This section demonstrates the basic usage of the MyQLM converter with a simple example. We’ll create a single-qubit circuit that applies an X gate and convert it to a Perceval photonic processor.

Note that this notebook requires the installation of MyQLM (which can be easily done with pip install myqlm). This repository can also be installed with the command: pip install .[MyQLM-bridge] to automatically install MyQLM.

[1]:

# Import required libraries
import qat.lang.AQASM as qataqasm
import perceval as pcvl
from perceval_interop import MyQLMConverter

[2]:

# Create a MyQLM quantum program
qprog = qataqasm.Program()

# Allocate quantum bits
qbits = qprog.qalloc(1)  # Allocate 1 qubit

# Apply quantum gate (X gate = NOT gate)
qprog.apply(qataqasm.X, qbits[0])  # Apply X gate to flip |0⟩ → |1⟩

# Convert program to MyQLM circuit
myqlm_circuit = qprog.to_circ()
myqlm_circuit.display()
Q0X
[3]:

# Convert MyQLM circuit to Perceval processor
myqlm_converter = MyQLMConverter(backend_name="Naive")
converted_processor = myqlm_converter.convert(myqlm_circuit, use_postselection=True)

pcvl.pdisplay(converted_processor, recursive=True)

[3]:
../_images/notebooks_Myqlm_converter_5_0.svg

Circuit to generate GHZ State

In this section, we show how circuits from myQLM can be converted into Perceval circuits. To do so, we take the example of a simple gate-based circuit producing GHZ states. We then show the translation to a linear optical circuit.

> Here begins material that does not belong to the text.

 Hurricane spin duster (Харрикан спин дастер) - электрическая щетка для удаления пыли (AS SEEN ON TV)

We also show the equivalence between the two circuits (gate-based and perceval).

[4]:

from perceval.algorithm import Sampler

Conversion from MyQLM Circuit to Perceval

Analogous to QiskitConverter, employ a MyQLMConverter object to convert a MyQLM circuit to a Perceval processor with each qubit of the circuit represented by 2 modes and additional modes for ancillary photons to perform deterministically two-qubit gates. (Read in the qiskit converter notebook for a discussion on how ancillary modes are set).

Circuit to generate GHZ State in MyQLM

[5]:

# Create a myqlm program
qprog = qataqasm.Program()

# Allocate qbits to the Program
qbits = qprog.qalloc(3)

# Add gates
qprog.apply(qataqasm.H, qbits[0])
qprog.apply(qataqasm.CNOT, qbits[0], qbits[1])
qprog.apply(qataqasm.CNOT, qbits[0], qbits[2])

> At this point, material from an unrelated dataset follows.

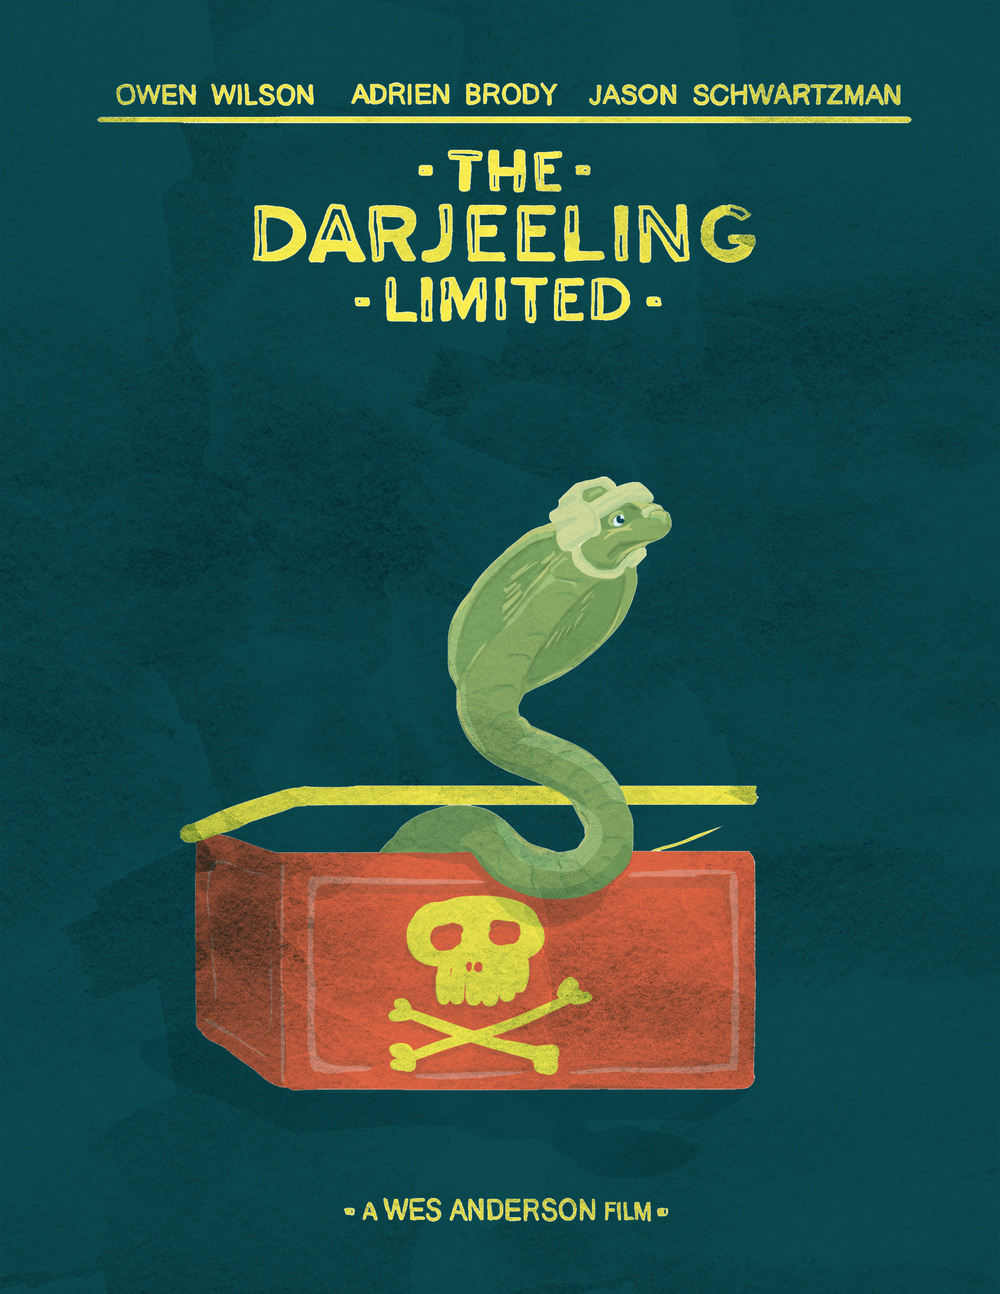 darjeeling_11x8.5.jpg

# Convert program to myqlm circuit
myqlm_circuit = qprog.to_circ()

myqlm_circuit.display()
Q0Q1Q2H

Conversion of Myqlm circuit to Perceval

[6]:

myqlm_converter = MyQLMConverter(backend_name="Naive")
converted_processor = myqlm_converter.convert(myqlm_circuit, use_postselection=True)
pcvl.pdisplay(converted_processor, recursive=True)

[6]:
../_images/notebooks_Myqlm_converter_14_0.svg
[7]:

# computing results with converted processor from myqlm
converted_processor.with_input(pcvl.LogicalState([0,0,0]))

sampler = Sampler(converted_processor)

output_distribution_myqlm_pcvl = sampler.probs()["results"]
pcvl.pdisplay(output_distribution_myqlm_pcvl, precision=1e-2, max_v = 4)
state probability
|0,1,0,1,0,1>1/2
|1,0,1,0,1,0>1/2

Note: The result is exactly the same as previously obtained from converter from Qiskit and is also the expected result.

Few remarks

  • Only the following gates are supported:

    • 1-Qubit gates

    • 2-Qubits gates: CNOT, CSIGN, SWAP

    • 3-Qubits gate: Toffoli